Submitted via IRC for takyon
The problem is that with so many drugs currently on the U.S. pharmaceutical market, "it's practically impossible to test a new drug in combination with all other drugs, because just for one drug, that would be five thousand new experiments," said Marinka Zitnik, a postdoctoral fellow in computer science and lead author of a paper presented July 10 at the 2018 meeting of the International Society for Computational Biology.
[...] So Zitnik and associates created a network describing how the more than 19,000 proteins in our bodies interact with each other and how different drugs affect these proteins. Using more than 4 million known associations between drugs and side effects, the team then designed a method to identify patterns in how side effects arise, based on how drugs target different proteins, and also to infer patterns about drug-interaction side effects.
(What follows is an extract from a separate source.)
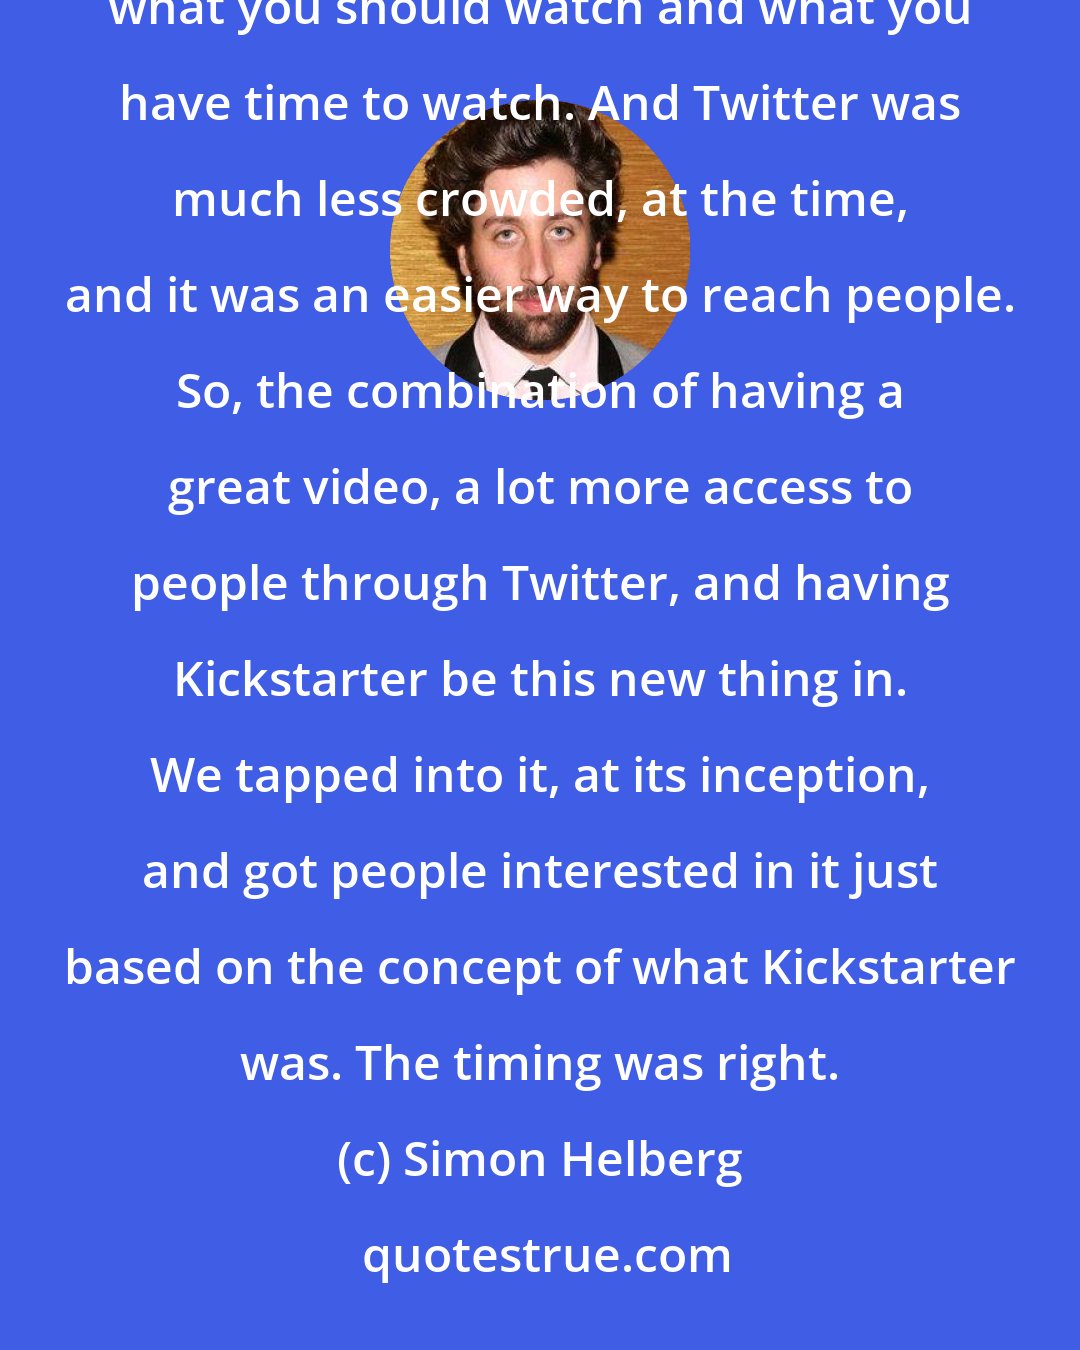 Simon Helberg: Everybody has something now. It's become very over-saturated, and it's hard to weed out what's good, what you should watch and what you have time to watch. And Twitter was much less crowded, at the time, and it was an easier way to reach people. So, the combination of having a great video, a lot more access to people through Twitter, and having Kickstarter be this new thing in. We tapped into it, at its inception, and got people interested in it just based on the concept of what Kickstarter was. The timing was right.

Source: How to predict the side effects of millions of drug combinations
(Score: 2) by ilPapa on Tuesday July 17 2018, @03:25AM (1 child)
I'm too high to read the article, but my guess is that you just gotta keep at it, you know. But be sure to stay hydrated and get a rubber mouth guard or you'll grind your teeth down to stubs.
You are still welcome on my lawn.
(Score: 2) by c0lo on Tuesday July 17 2018, @04:30AM
If it's not AI-with-b(ol)locks-chain then it's not worth it, nobody is going to grant any money for it.